New Delhi : If you have ever gone to your bank for a home loan and come back with an insurance policy you did not ask for, or downloaded a banking app only to find yourself trapped in a pop-up for a personal loan. The RBI on June 15, 2026, issued the Reserve Bank of India (Commercial Banks — Responsible Business Conduct) Second Amendment Directions, 2026. The directions apply to all commercial banks.

Mis-selling is when a bank sells you a financial product that is wrong for you, or sells it to you in a way that is unfair or deceptive. The RBI has now given this a formal legal definition for the first time under this framework. The consequence is significant. If mis-selling is established, the bank must refund the full amount paid by the customer and also compensate for any loss suffered. Customers can file a complaint within 30 days of receiving a signed copy of their agreement with the bank.

The notification defines compulsory bundling as making the purchase of one product conditional on buying another, whether it is the bank’s own product or a third-party product. This is now prohibited. There is a nuance here. If the bank genuinely requires insurance as a risk safeguard on a loan, say, a home loan protection plan — it can still ask for it. But the customer must be free to buy that insurance from any provider of their choice, not just the bank’s preferred partner.

Until now, “consent” in Indian banking was often a formality — a signature buried in fine print, a pre-ticked box on a form, or a catch-all clause that said something like “I agree to receive offers from the bank and its partners.” Under the new directions, a bank can only offer or sell a product — its own or a third party’s — if the customer has given explicit, recorded consent for that specific product. Consent for one product cannot be treated as consent for another.

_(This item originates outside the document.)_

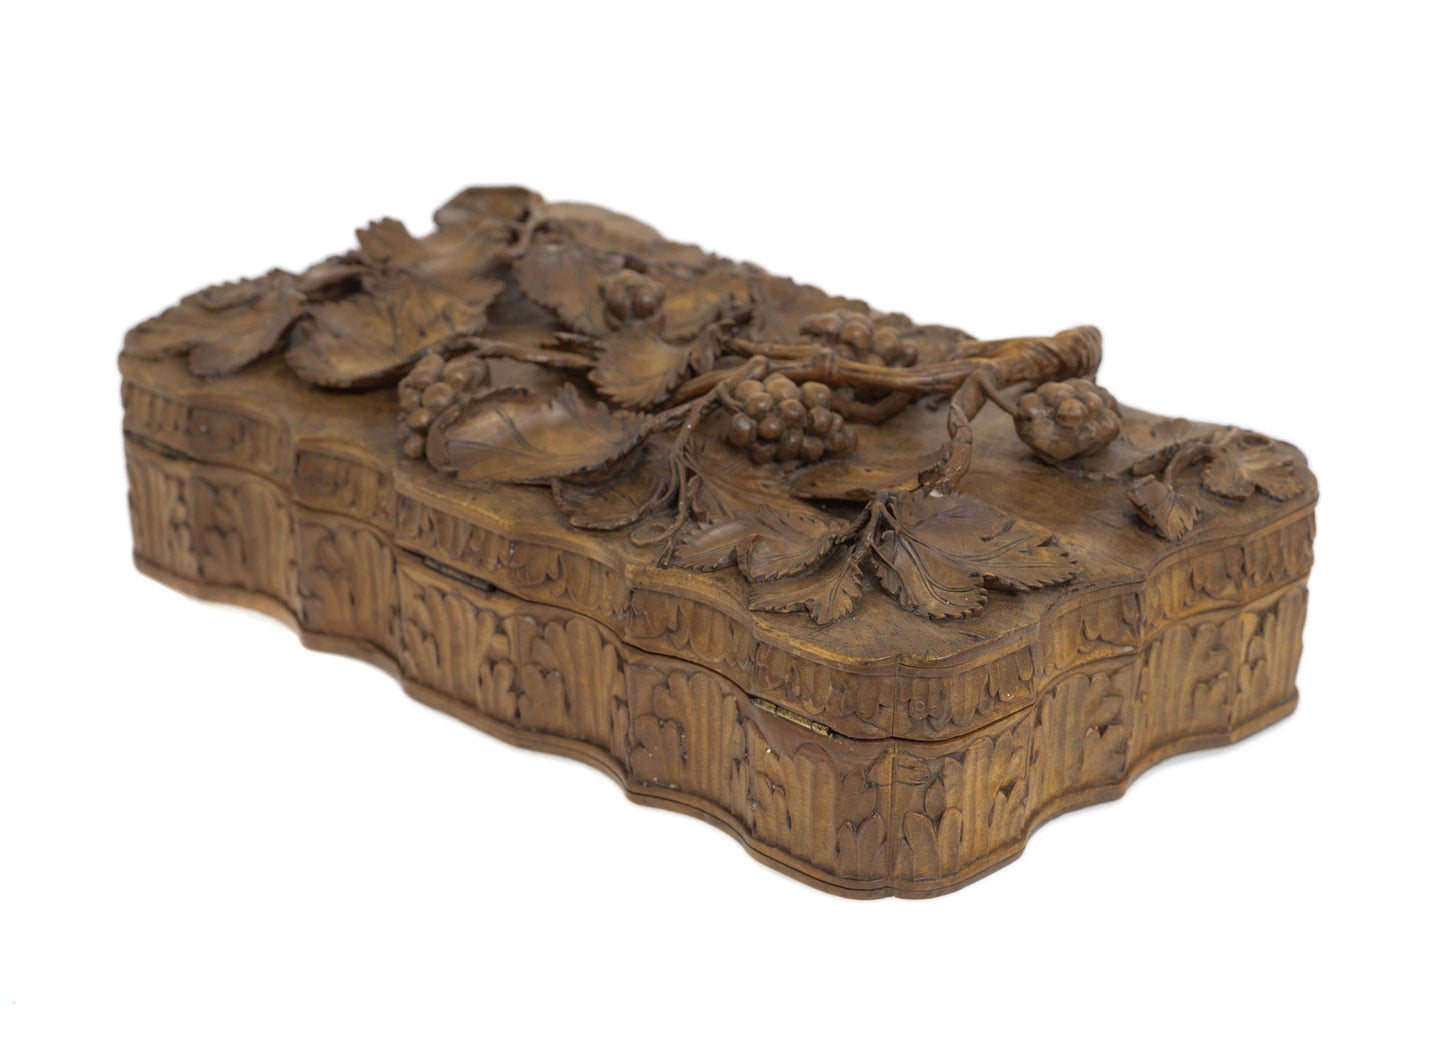 Antique European Alto Relievo Carved Softwood Box - Vines & Grapes - Swiss c1900 (Code 2852)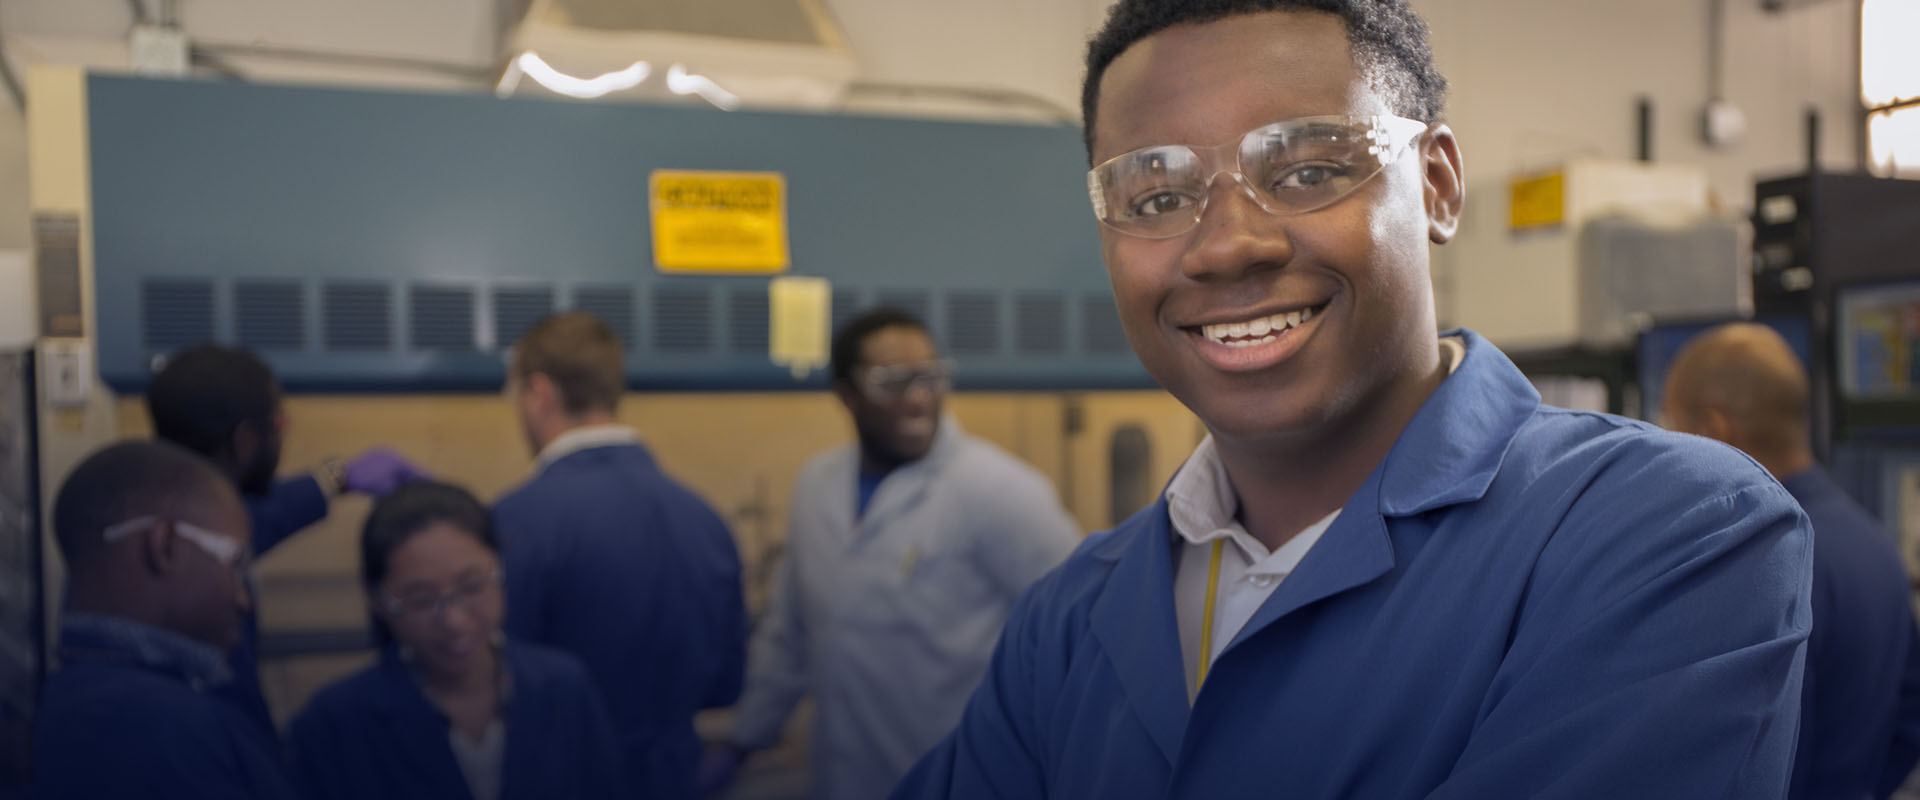 Smiling young student in protective glasses at LANL

When getting a customer’s consent, banks must prominently disclose key features of the product — fees, charges, interest rate, risks, lock-in period, and exit penalties — in a way that actually draws the customer’s attention to them. A large part of aggressive financial product selling in India happens not through bank employees but through Direct Selling Agents (DSAs) and Direct Marketing Agents (DMAs), commission-based agents who work on behalf of banks and often operate at the front lines of customer acquisition.